You can take this too far the other way - most Brits now seem to think all politicians are corrupt, which is rubbish, for example. But US journalism has consistently failed precisely because it cow-tows. In the current campaign they are only now lobbing hard questions at Obama and MSNBC itself has often chauvinistically covered Hillary. The hysteria/uniform approach of the News Channels like MSNBC is a great source of material for the comedic likes of Jon Stewart on The Daily Show.

Iain Martin in The Telegraph:
British newspaper journalism, generally, would not be described as a profession: it is a trade, and there is a crucial difference. It means that the Brits as a breed have tended to be more rumbustious, cheekier, a little more inquisitive and wary of the powerful. There are excesses, but overall the sense is of British journalism being noisier and more vibrant. Competition is fierce, which until the age of the internet it was not in the US. And that might be the problem.

As British media groups, such as the Telegraph and the Guardian, expand on-line into North America and develop large audiences there, tensions have surfaced. US print journalists see the limeys muscling in and think their tactics vulgar. Perhaps they fear competition: after all, it took a British journalist to get behind the PR and spin that Samantha Power has been pushing.
British newspapers were setting American agendas before Peev.
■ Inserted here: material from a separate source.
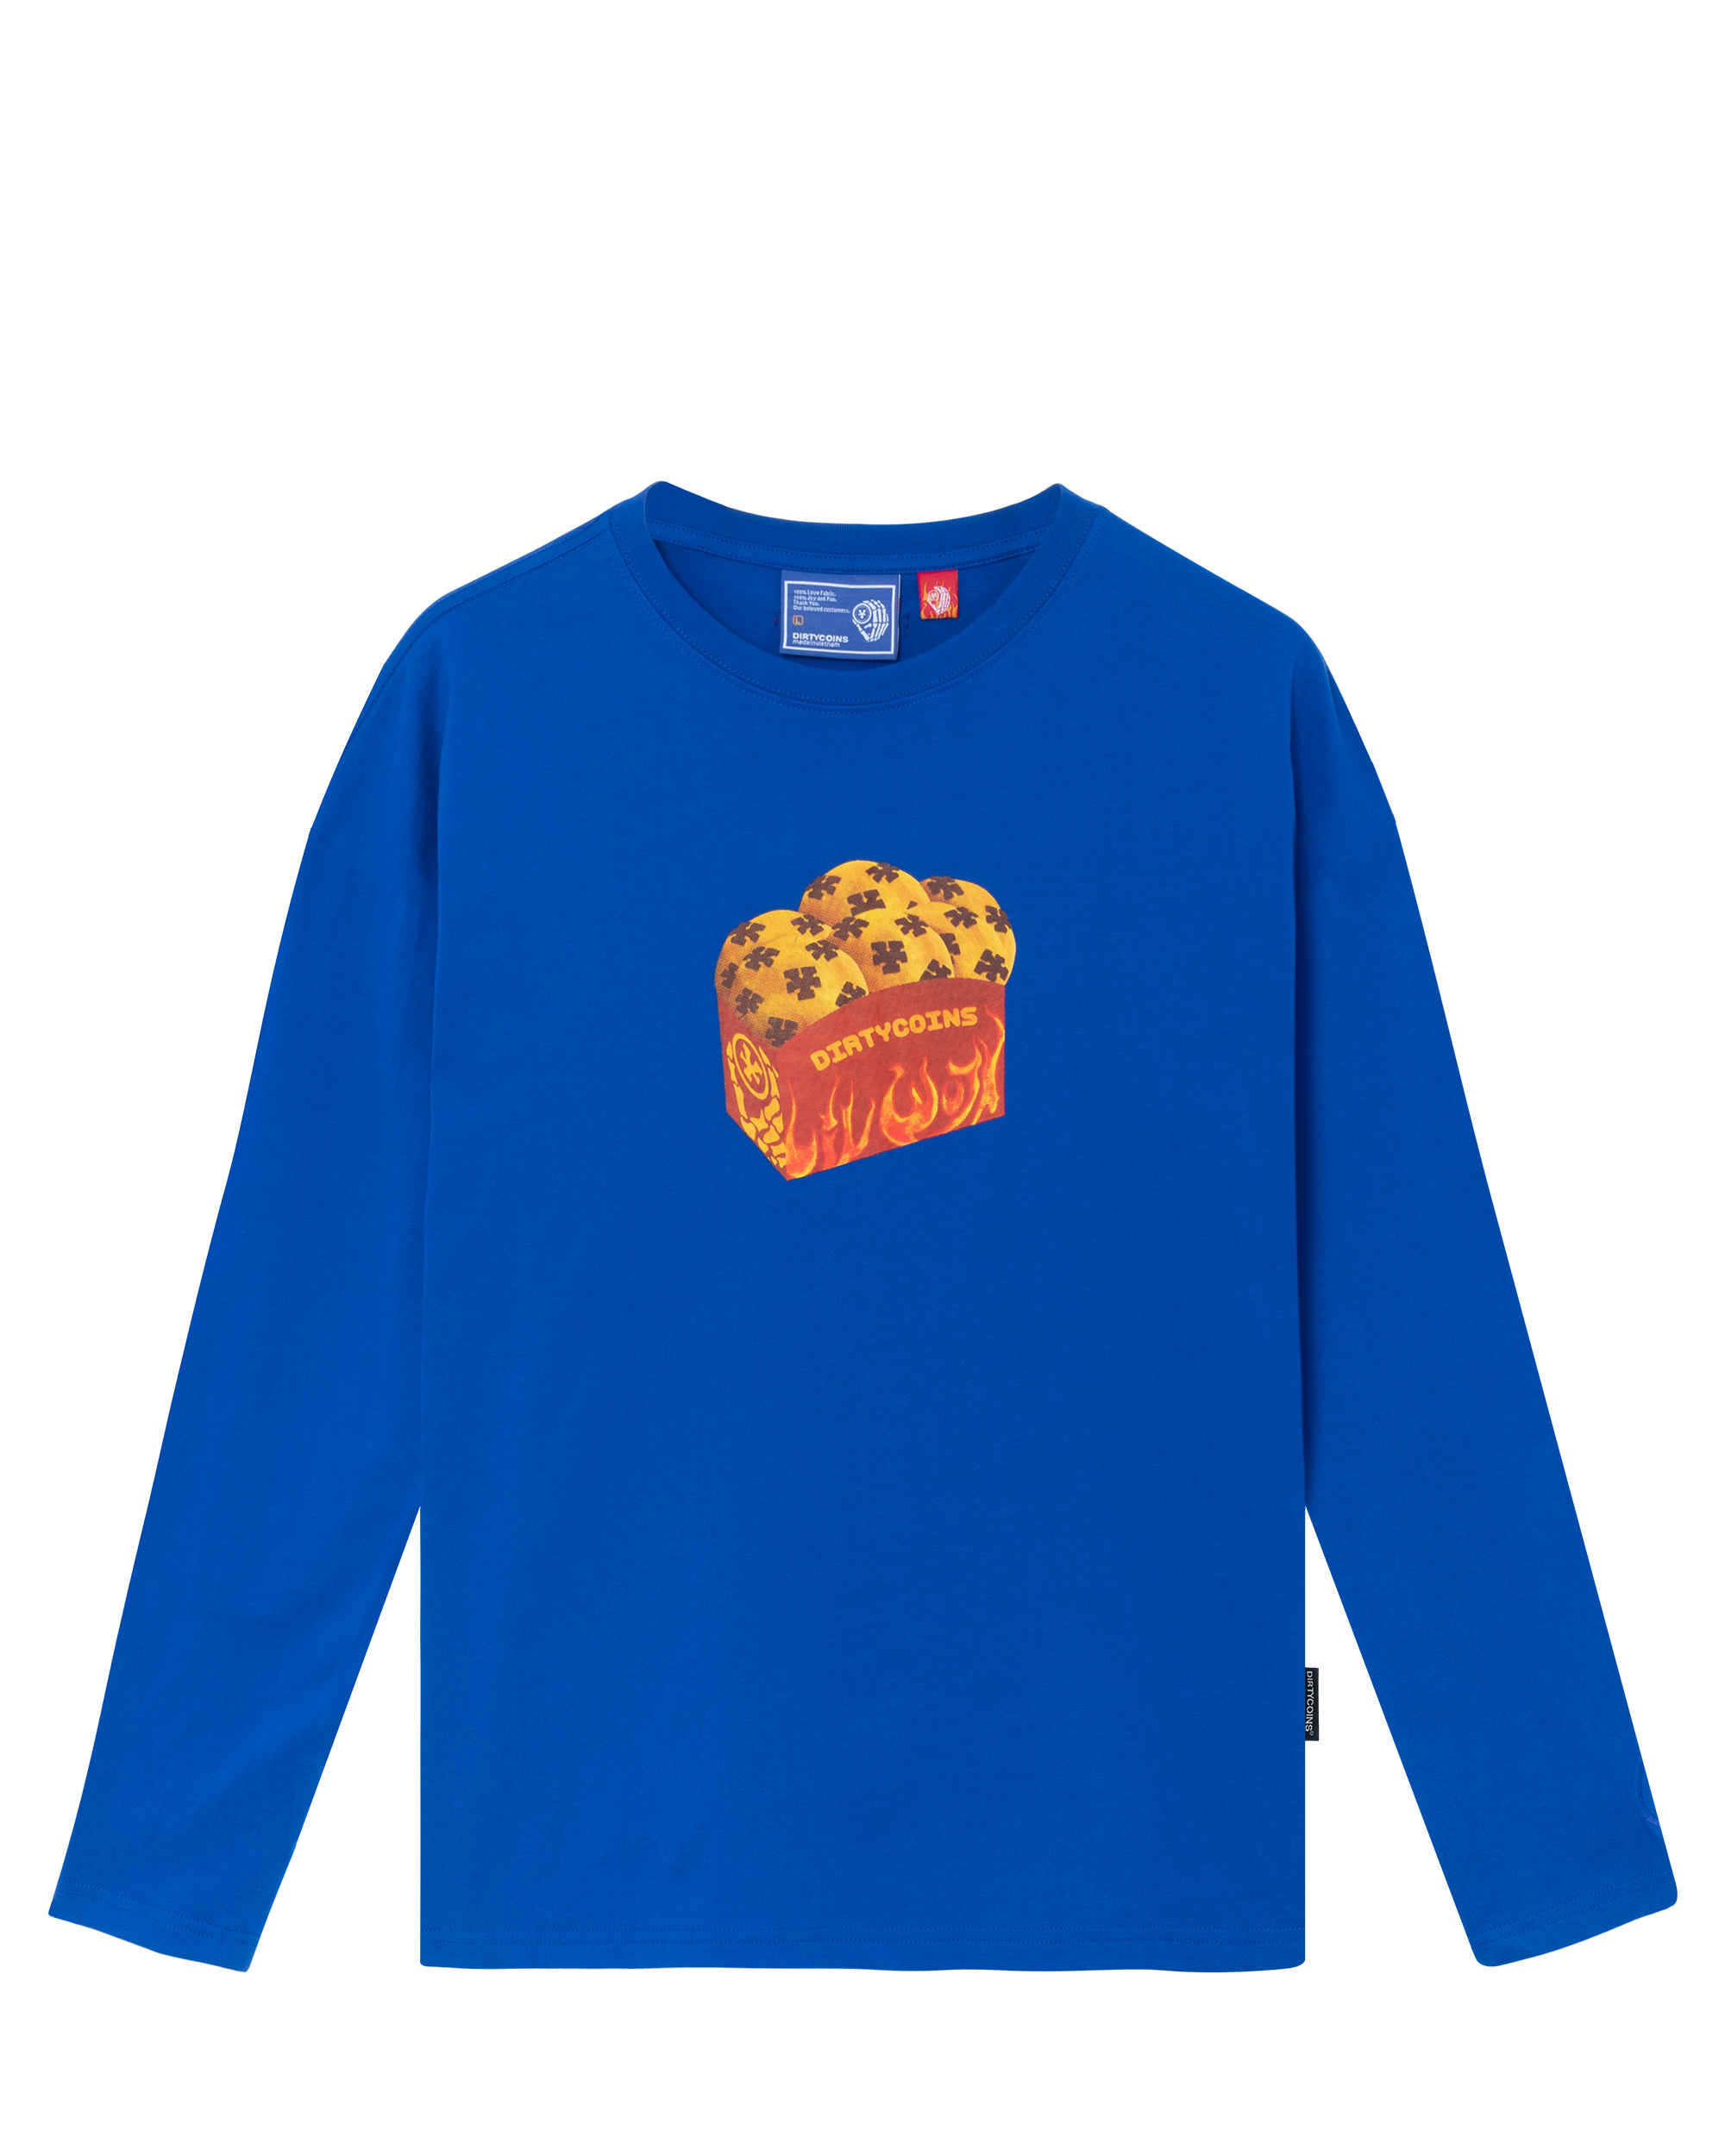 DirtyCoins x LilWuyn Shaker Cookie L/S T-Shirt - Blue

Lots of links from Drudge are to British papers and most British papers have an online American readership which exceeds their UK print readership by large margins.

It was noted back in the lead up to the War in Iraq that Americans were turning to British news sources, especially the BBC, because American papers were slavishly following the White House line.

As former BBC Head Greg Dyke said at the Emmy Awards:
For any news organization to act as a cheerleader for government is to undermine your credibility. They should be balancing their coverage, not banging the drum for one side or the other. It may not be comfortable to challenge governments or even popular opinion, but it is what we are here to do.
The Guardian acknowledged the ongoing phenomenon when they set up Guardian America last year. What's driving this is Americans seeking a range of opinions and reacting against their own media. What's clear is that many Americans don't like this phenomenon one bit.

It's truly a clash of values, as Tucker Carlson has amply demonstrated.